Со всех сторон к дороге подступали густые заросли низкорослых деревьев с кривыми узловатыми стволами и плотными кронами синевато— зеленого цвета. Лишь приглядевшись, можно было обнаружить, что никакая это не глухомань да чащоба, а заботливо ухоженный сад: деревья стояли четкими рядами, как солдатики на параде, между ними не было и следа каких-нибудь сорняков, и, судя по размерам крон и высоте, все это было высажено в одно время. Через равные промежутки над верхушками поднимались коленчатые шпили из серебристого металла, увенчанные ажурными чашами — не то антенны, не то какие-то агротехнические сооружения неясного предназначения. Изредка при поворотах дороги в этот выверенный до скуки пейзаж вторгались посторонние детали, вроде краешка океанской глади или сверкавшей на солнце отвесной мраморной грани далекого горного кряжа…
Юзванд, страдальчески исказив лицо, пригнулся вперед; он по-прежнему безмолвствовал, но теперь в его эмо-фоне преобладала, подавляя все остальные, агрессивно-тревожная компонента. Кратов отвлекся от созерцания садовых насаждений: наблюдать за поведением геургута было не в пример любопытнее. Юзванд что-то коротко и неразборчиво гаркнул: водитель качнулся вперед всем корпусом и, не убирая правую руку с пульта, левой вытащил откуда-то из-под сидения сразу два похожих на складные зонтики энергоразрядника («Модель „Горний Гнев“, портативный вариант, дальность поражения пятьдесят шагов, радиус охвата цели от пяти до пятнадцати шагов, встроенная батарея на восемьсот залпов с полусекундным лагом на восстановление мощности и непрерывной рекреацией от любых естественных источников энергии», — совершенно автоматически отметил Кратов), один из которых положил себе на колени, а другой не глядя сунул Юзванду. «Что происходит?» — спросил он вслух, не особенно рассчитывая на ответ. Его ожидания оправдались. Танк плавно сбавлял ход и вскоре остановился вовсе. Юзванд быстрым и громким, — то, что называют «театральным», — шепотом наговаривал что-то во всплывший перед лицом микрофон, рот его презрительно кривился, но в желтых глазах тускло тлел огонек смертной тоски. Водитель же был по-прежнему хладнокровен, обе руки покойно лежали на пульте, а до оружия ему как бы и вовсе не было дела, так что понять, что творится, было невозможно.

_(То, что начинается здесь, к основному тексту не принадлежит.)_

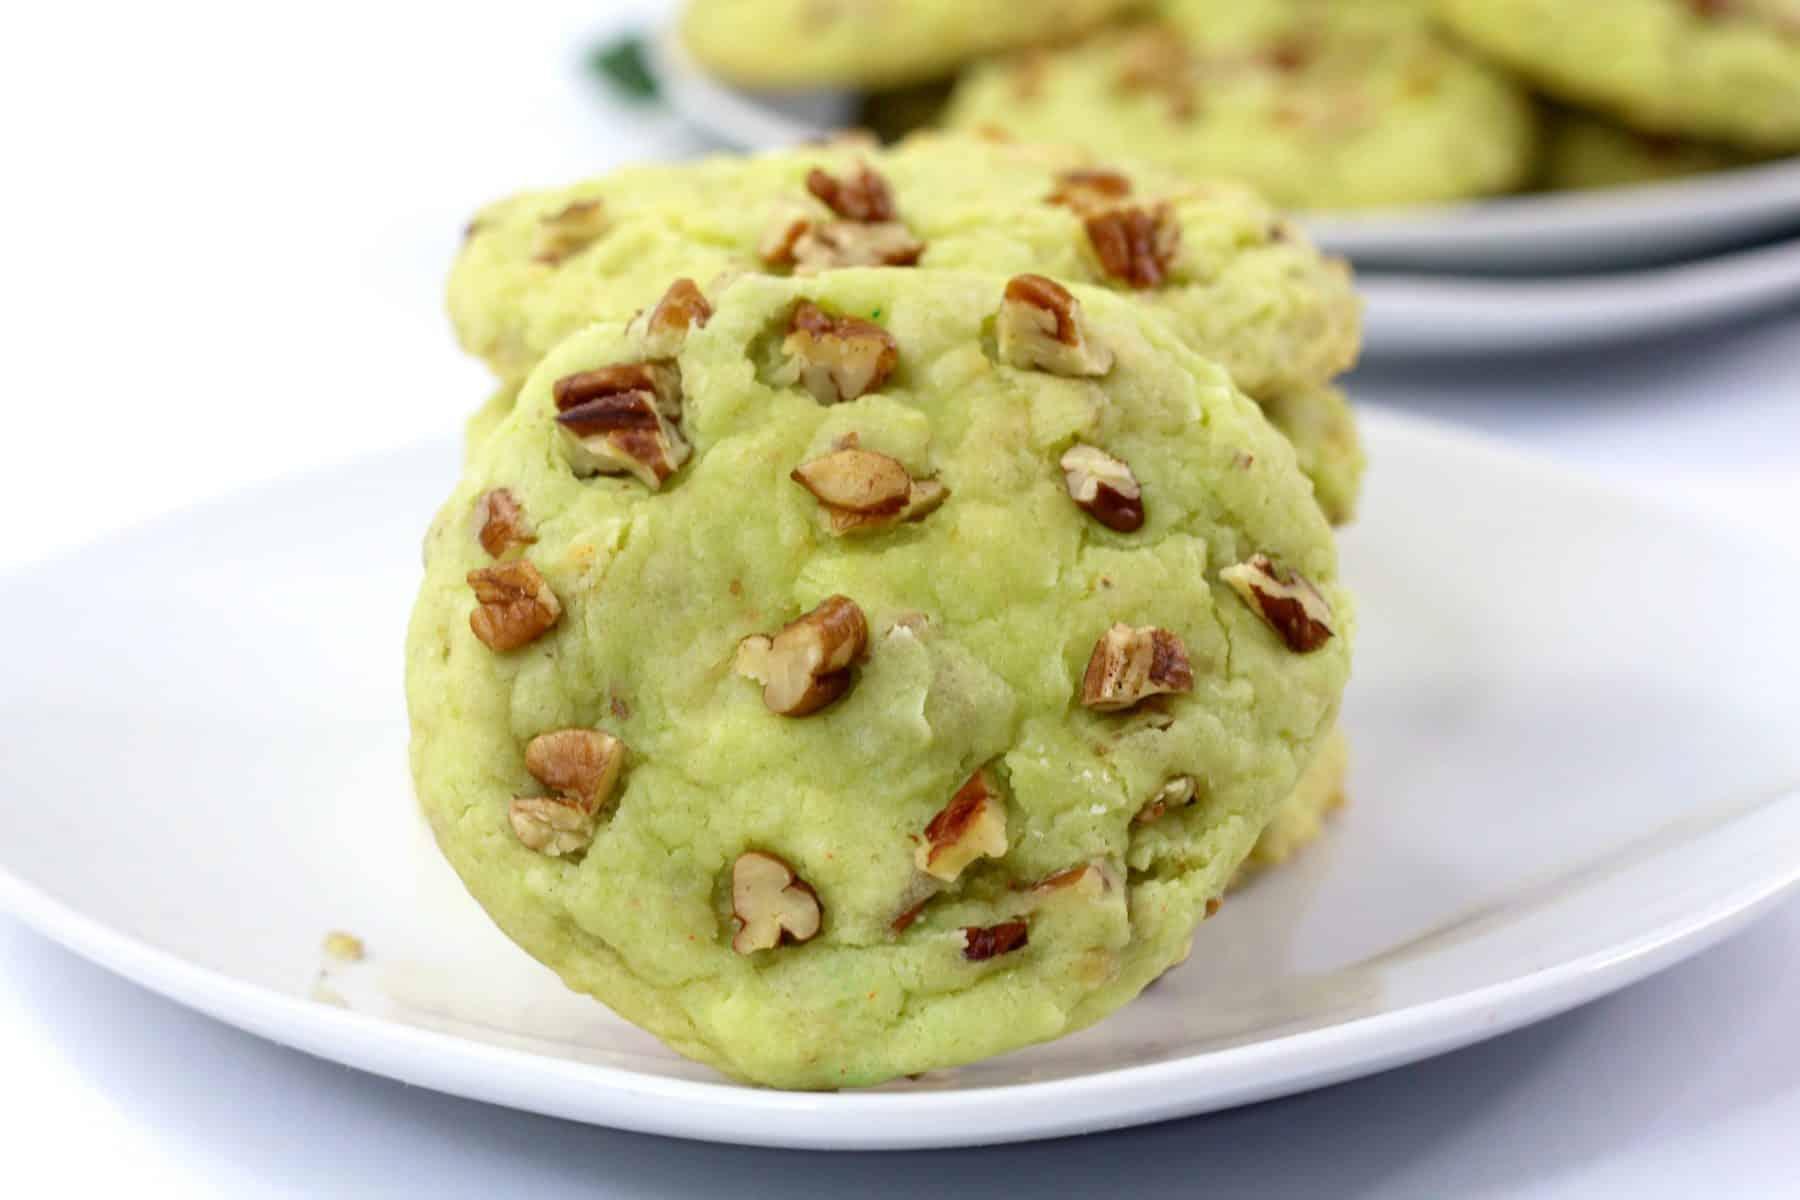 cake mix cookie recipe, easy cake mix watergate cookie recipe

А перед миниатюрным «стуррэгом», заслоняя солнце и небосвод, перекрывая весь передний обзор своим чудовищным, необозримым, черным в желтых разводах бортом, тяжко приподняв когтистую ступню, во всей своей первобытной красе разворачивался на месте большой тяжелый бронемех «хоррог». В приблизительном переводе это означало «Пожиратель равнин» и могло быть интерпретировано двояко: либо «нечто, пожирающее все. что движется и произраСтаст на равнинах, не исключая и собственно равнины как топографические объекты», либо «некий монстр, на означенных равнинах всего лишь привольно бесчинствующий».
Эта машина могла называться как угодно. Все равно выглядела она невообразимо ужасно.

16

— Все остаются на местах, — сказал Юзванд. — Это предательство, и оно будет наказано.
— Как именно? — нервно осведомился Кратов.
— К нам уже направляется танковая рота, верная воинской чести и присяге…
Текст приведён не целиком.